She knew that he was exhausted, and was grateful that she remembered so much of her geography, her hands tenderly tracking a familiar path, a little south of his left shoulder blade, a little north of his eighth rib, bearing east away from his ridiculously ticklish left side, right to a sweet spot. She knew that he was helpless when she stroked him like that, and would drift off peacefully in a moment or two, and that she should not listen to his gentle murmurs as he sank further into her, if she had any hope of staying awake herself.

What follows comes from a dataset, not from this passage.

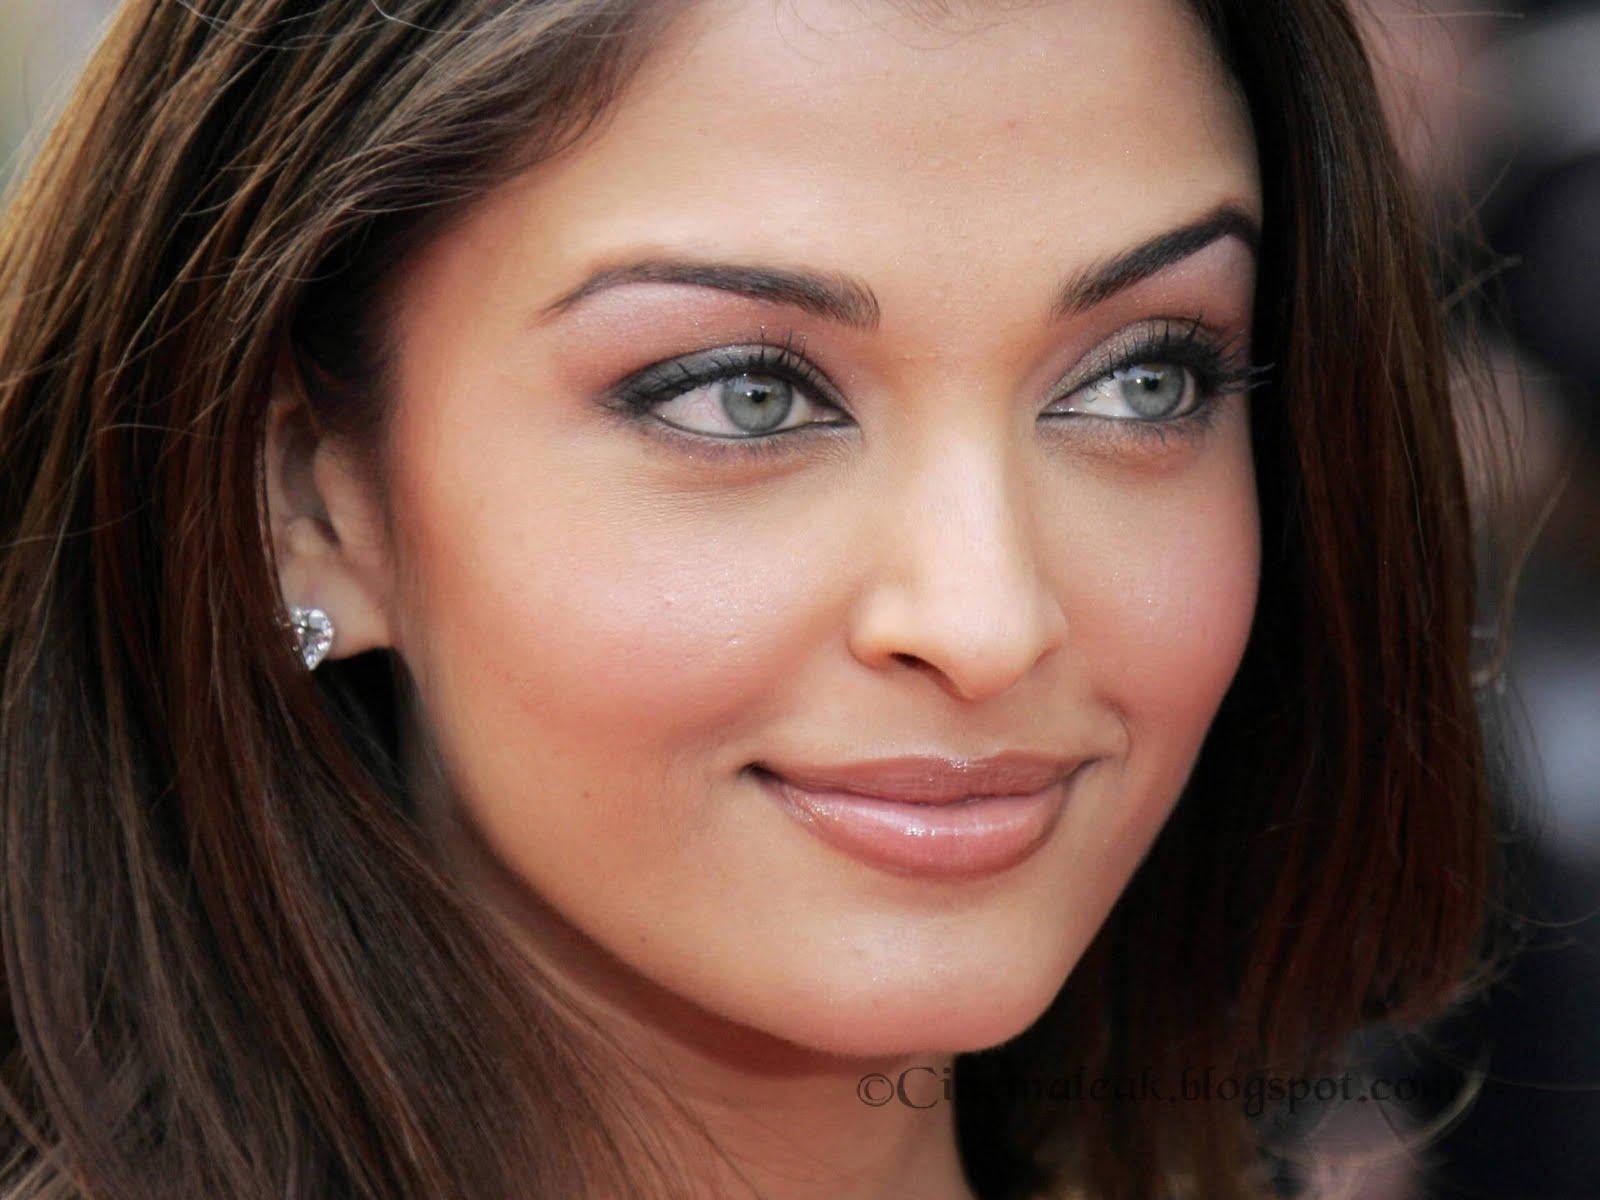 aishwarya rai beautiful in black wallpapers - 50 Beautiful Aishwarya Rai Wallpapers and Pics
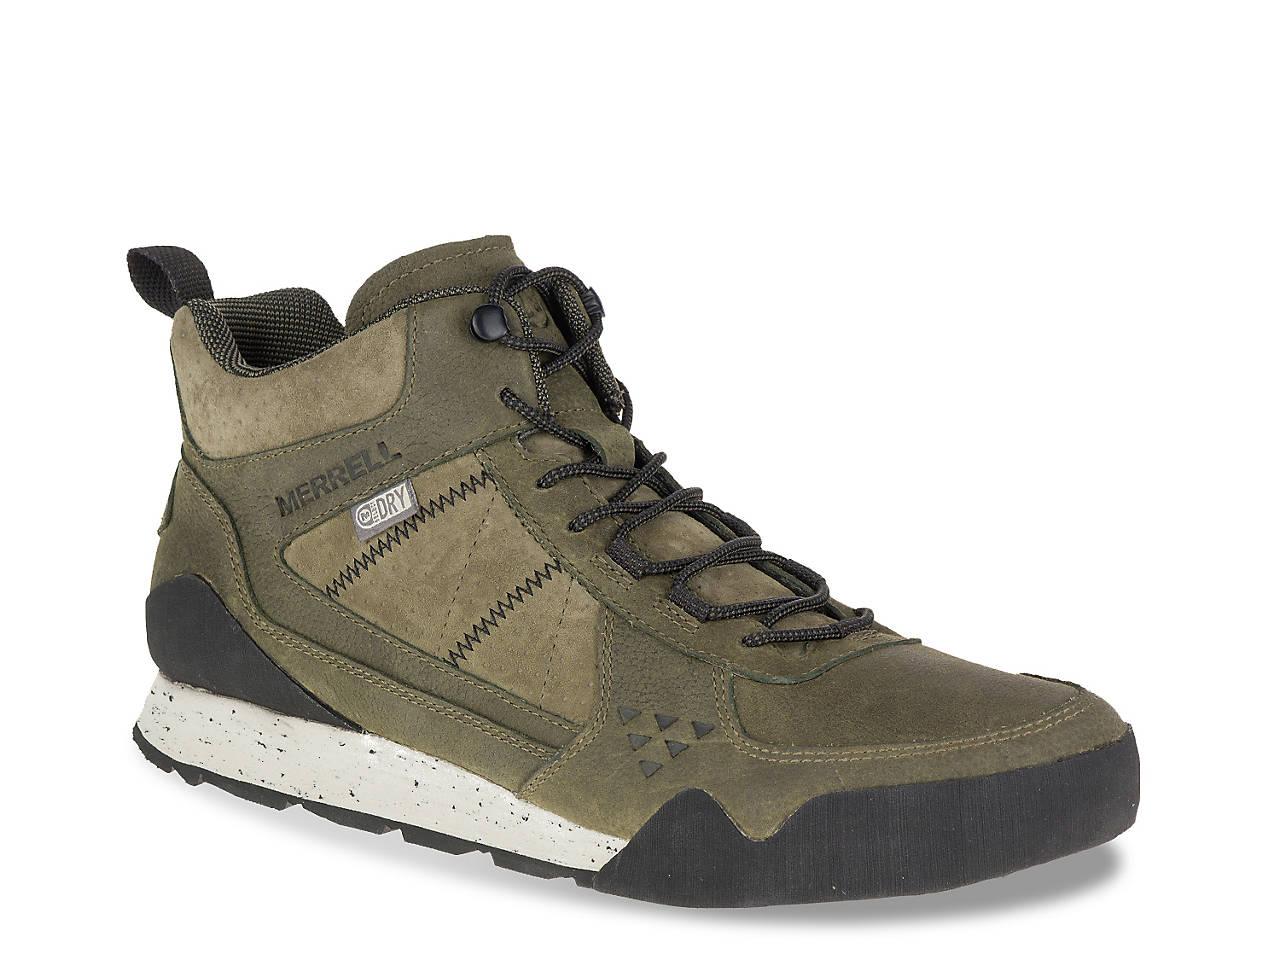 202bf99c71cfc Merrell Burnt Rock Hiking Boot Men's Shoes | DSW

She knew that she should disentangle herself from him immediately, or they'd never be able to look at each other. She knew that she should be less angry at him for begging, and less aggravated at how his body ensnared hers like a bear trap, and less annoyed at the warm, rhythmic breathing teasing her breasts, while his head lay buried in her shoulder. She knew she could not sleep with him nestled into her so closely, while all their clothes still littered the floor; she knew that she could definitely not let him see her like that the next morning, wrapped only in his scent.

--

Izzie Stevens knew better; that didn't stop her. She knew that - even in Meredith Grey's house - inappropriate sex had rules. But that had never stopped her before, and again she awoke tangled in tear soaked sheets; at least this time, not all the tears were her own. She lay beside him silently, watching as the silver dawn crept into his room. Surveying the floor beside his bed, she searched furtively for her clothes, strewn haphazardly over the judgment, the rationality, that she'd tossed aside with them the night before, when he had pleaded. The past few weeks were a blur of screaming, and blood, and grief, and now, now she had a clinic to run…and Alex. She glanced at the clock on his bed stand, which glowered five thirty eight at her in accusatory red numbers, as if even it knew better.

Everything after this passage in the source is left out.